Элена скончалась в родах. Я был бессилен удержать ее на этом свете. Удивительно, ребенок выжил.
Сейчас он там, изнеможенный и дрожащий, лежит поверх пеленки, рядом с мертвой матерью. Я не знаю, что мне делать. Не хватает смелости дотронуться до него. Скорее всего, оставлю его умирать возле матери. Она упокоит душу младенца и научит его смеяться, если, конечно, где-нибудь сыщется место, где души смеются. Нам не удалось сбежать во Францию. Без Элены, один, не хочу идти дальше. Без Элены нет пути. Как исправить эту чудовищную ошибку: остаться жить! Я видел много мертвых, но я не понимаю, как и почему умирает хоть один из них!
Страница 2Это несправедливо, что смерть постучалась так рано, сейчас, когда даже нет времени, чтобы жизнь посчиталась с новорожденным.
Оставил все, как было. Никто не сможет упрекнуть меня, что хоть что-то взял. Мать умерла, мальчишка — безумно живой, юла, я от страха окаменел. Серый цвет — цвет бегства, а печаль — горький голос поражения.
(Дальше стихи, большинство слов вымарано, поэтому можно разобрать только несколько слов: «полный жизни», «без света» (или «мой свет» — неразборчиво) и «позабыть суету». На полях, очень мелко: «Этот младенец — причина смерти или ее дар?»)
Страница 3Я хочу оставить после себя письменное свидетельство. Послание, которое объяснит тому, кто нас найдет, что он — этот младенец — тоже виновен, если, конечно, не считать его еще одной жертвой. Тот, кому суждено будет прочесть мои записки, заклинаю: пожалуйста, развейте наши останки в горах. Элена не смогла идти дальше. Мы, ее ребенок и я, тоже хотим остаться навсегда подле нее. В том, что случилось то, что случилось, вина лежит только на мне. Я не нашел способа избежать тяжелого жребия, избежать злого рока, судьба настигла меня и, словно косой, отрезала от меня Элену. Но я умею писать, к тому же я — неплохой рассказчик. Никто и никогда не учил меня складывать истории в одиночестве, наедине с самим собой. Никто не научил меня защищать жизнь от смерти. Пишу эти строки, не желая вспоминать, как я молился и как изрыгал страшные проклятия.

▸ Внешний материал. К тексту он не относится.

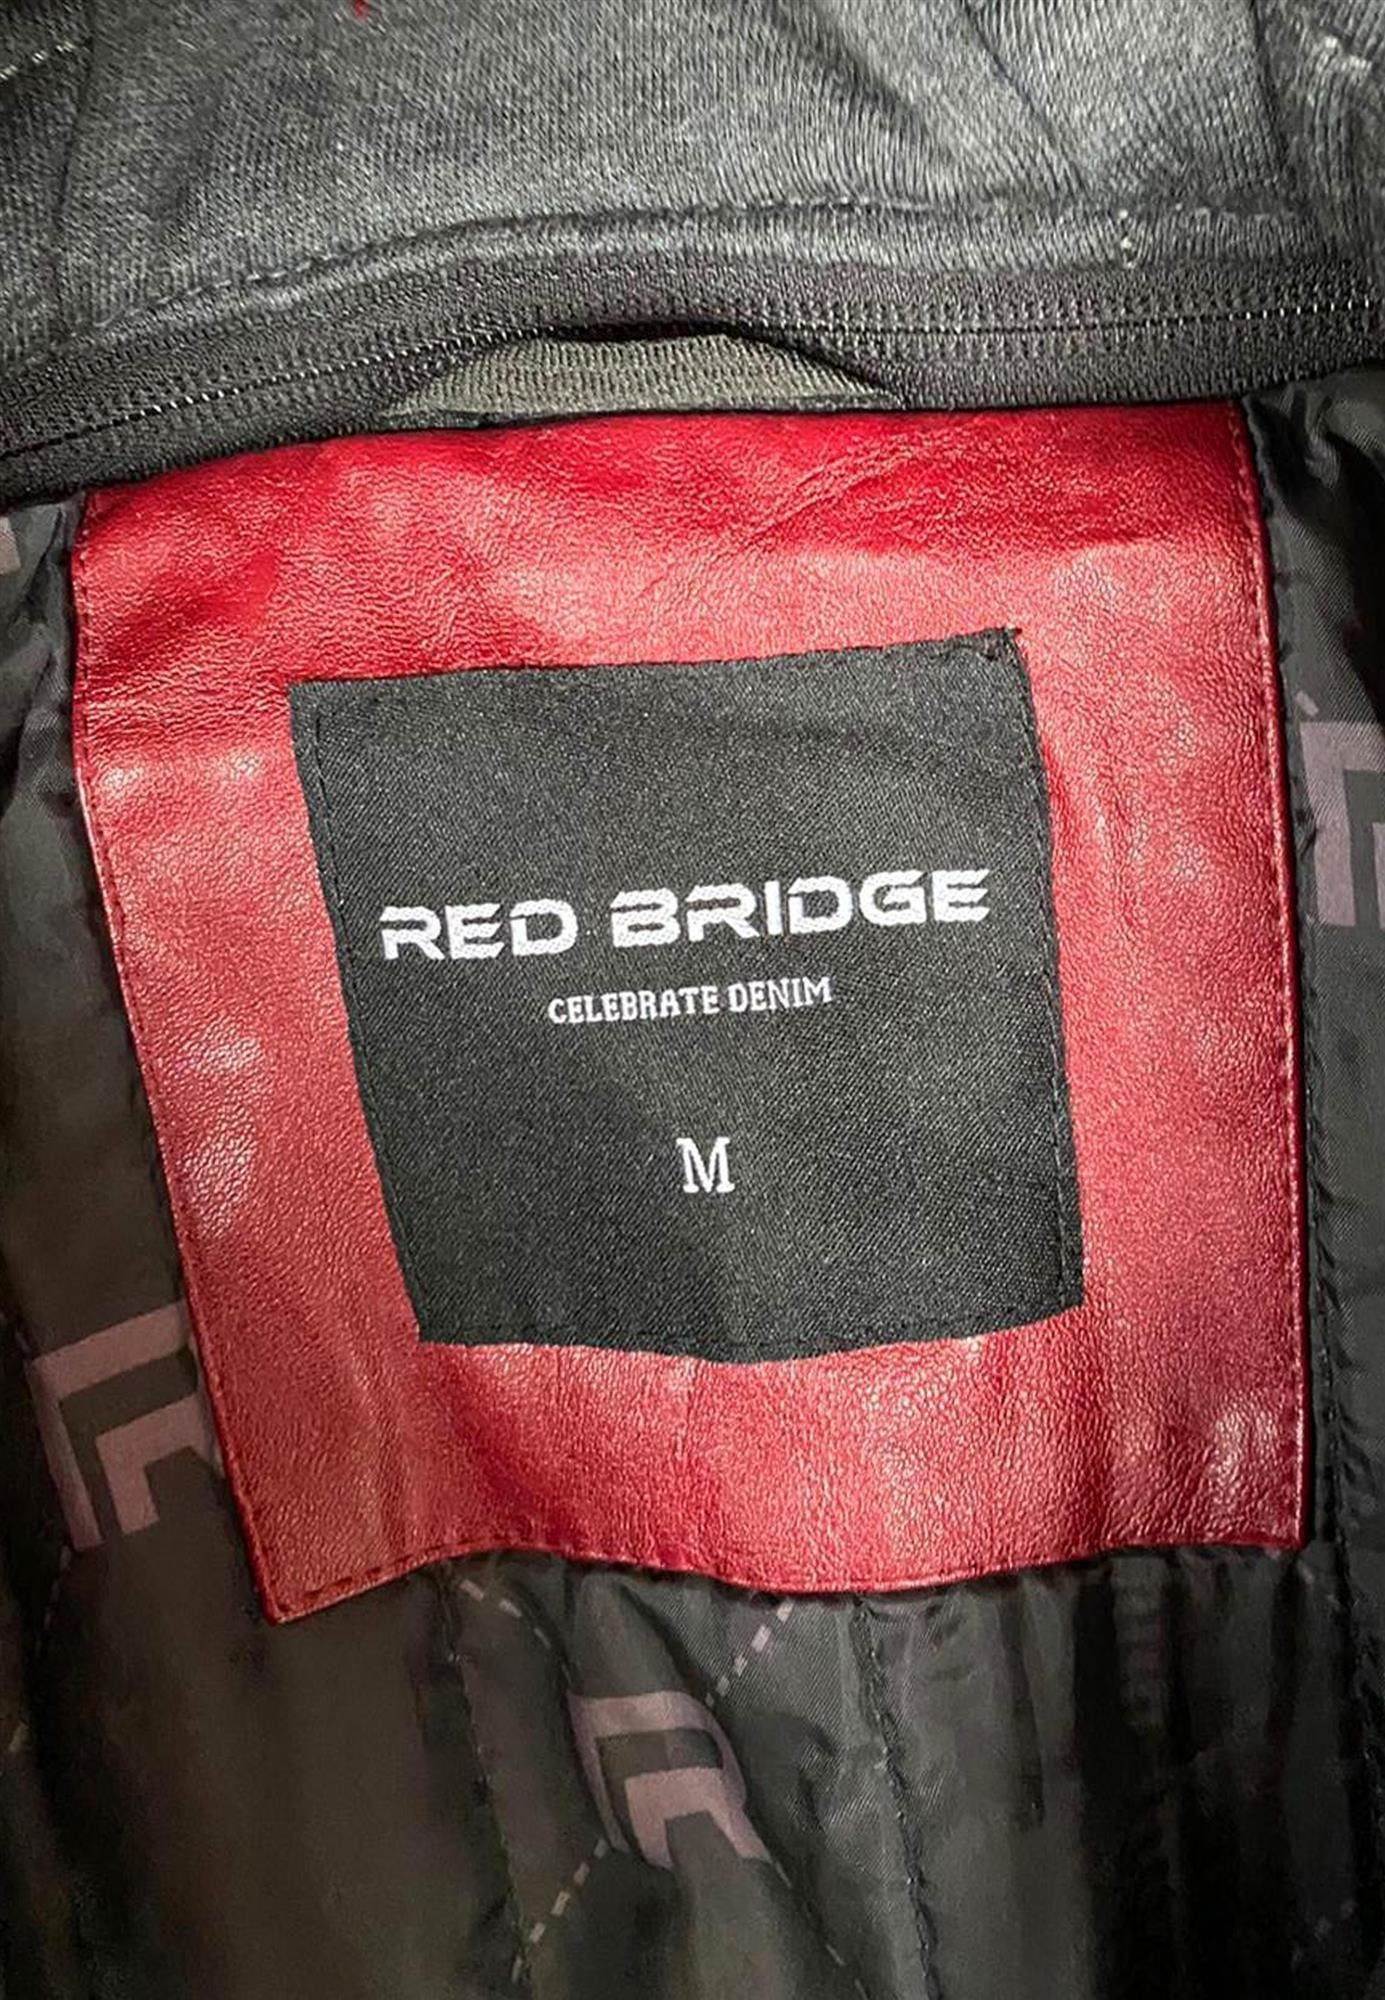 RedBridge Lederimitatjacke aus Dirtyrot abnehmbarer und hochwertig, Kunstleder Kapuze robust

Да и как иначе могла закончиться эта прекрасная история в горах, продуваемых всеми ветрами? Сейчас еще только октябрь, но каждую ночь осень здесь превращается в лютую зиму.

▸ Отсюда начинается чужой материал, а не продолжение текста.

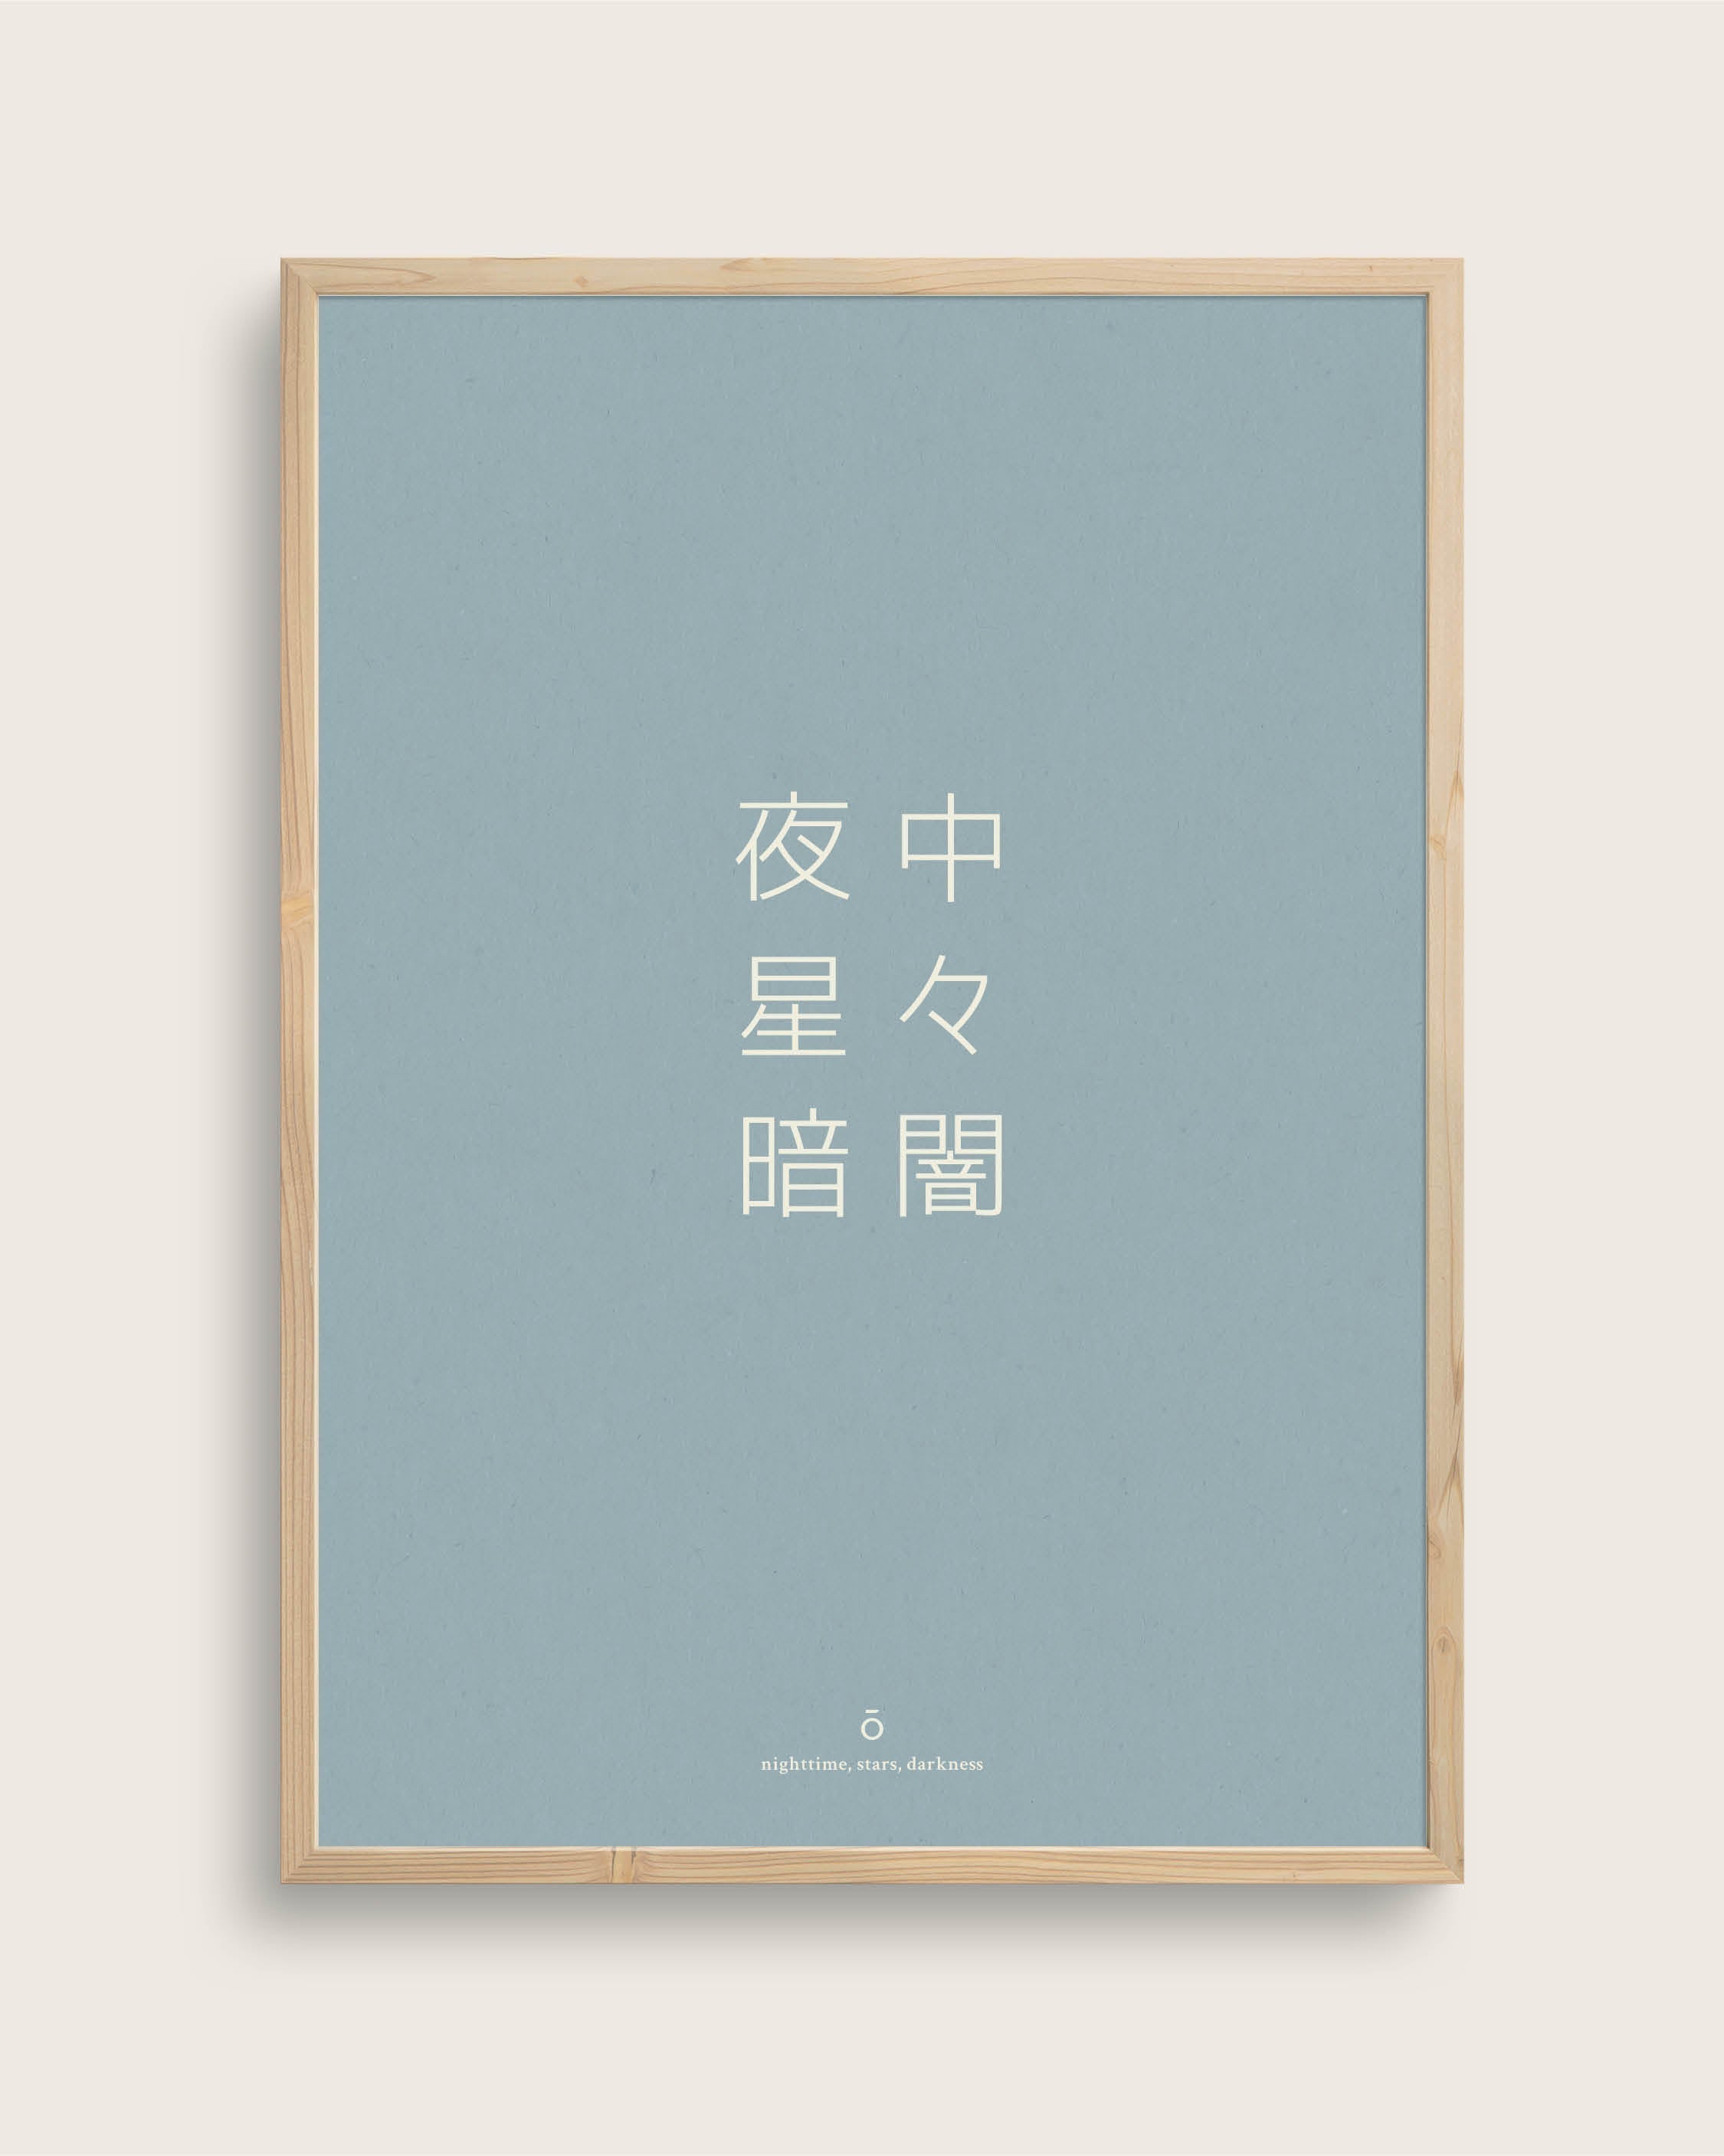 Se Kanji (nat) Størrelse 70x100 (akustikprint inkl. egetræsramme) | Seramikku hos Seramikku.dk

Ребенок с удивительной настойчивостью громко плакал весь день. Я беспрерывно думал о нем, хотя всеми силами пытался сосредоточить свой взгляд на моей покойной Элене, оттого все утро провел, стараясь не обращать ни малейшего внимания на младенца. Только сейчас понял, что до сего момента я не проронил ни единой слезинки. Быть может, потому, что детского плача достаточно. Или только это и было единственно нужным. Я бы никогда не смог рыдать так безутешно и кричать так неистово. Элена была оплакана без всякого моего участия и даже без какого-либо усилия с моей стороны. Как такое вообще возможно, чтобы живой человек одновременно лежал обессиленный и при этом с диким упорством неистово рыдал? Мне кажется, ребенок утратил все чувства. Подошел к нему поближе, все еще дышит. Попытался перевернуть его. У меня такое ощущение, будто кто-то вытащил из него все косточки, весь скелет целиком.

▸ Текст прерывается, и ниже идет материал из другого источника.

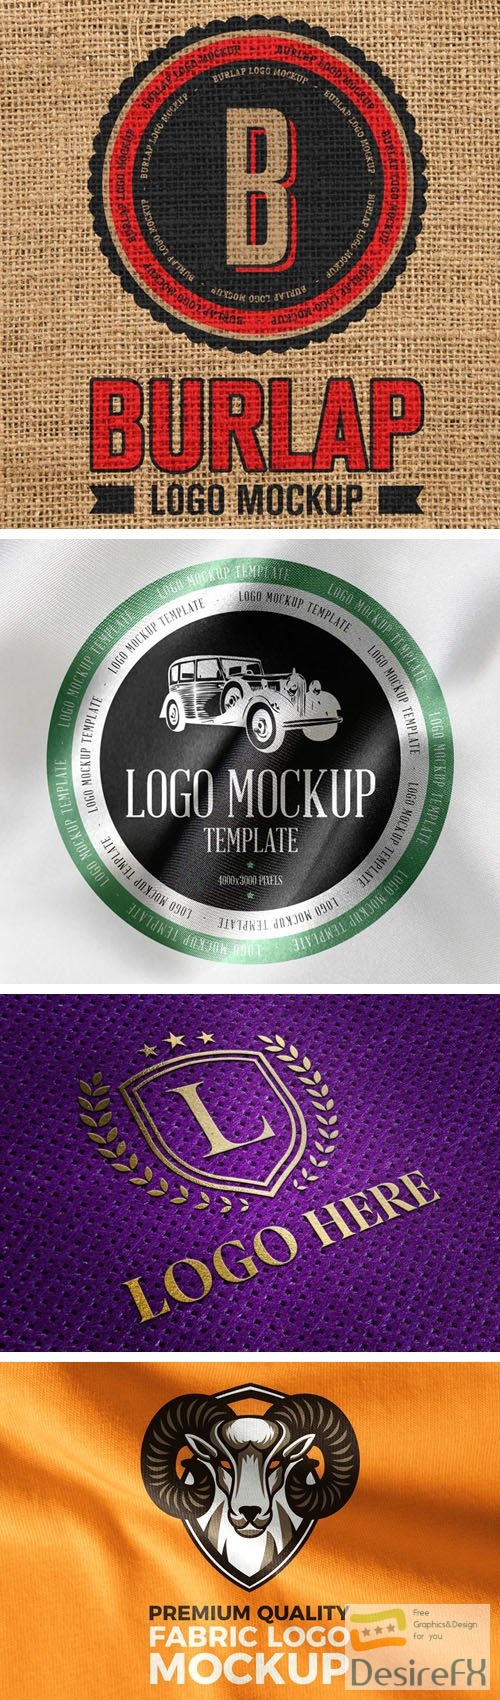 8 Realistic 3D Premium Quality Logos PSD Mockups Templates

Страница 4Внимательно всмотрелся в белое лицо моей Элены. Ее бледность совсем не та, что разлилась в мгновение смерти. Теперь все цвета просто исчезли. Наверное, смерть прозрачна. И сковывает холодом, от которого все цепенеет. В первые часы испытывал острую, жгучую необходимость крепко сжимать руки любимой. Потом ощутил, как ее пальцы покидает податливость. В страхе промелькнула мысль, это ощущение мне послано, чтобы даже моя кожа запомнила его навсегда. Долго просидел, не в силах ни дотронуться до нее, ни упокоиться рядом. Ребенок, напротив, изможденный, обессилевший, лежал подле мертвого тела своей матери плотно спеленатым кульком. Вдруг пришла мысль, что своим теплом силится он согреть недвижное тело, которое для него представлялось единственным убежищем, островком спокойствия посреди грохота боев.
Да. Эту войну мы проиграли, фашистам удалось нас обмануть, быть может, для того, чтобы потом еще раз одержать над нами верх и опять победить. Элена решила последовать за мной. Сейчас я полностью уверен: это была ошибка. Никогда еще не совершалось такой грандиозной ошибки.
Я должен был все рассказать родителям Элены, попросить у них прощения и добиться того, чтобы они разрешили ей уйти со мной.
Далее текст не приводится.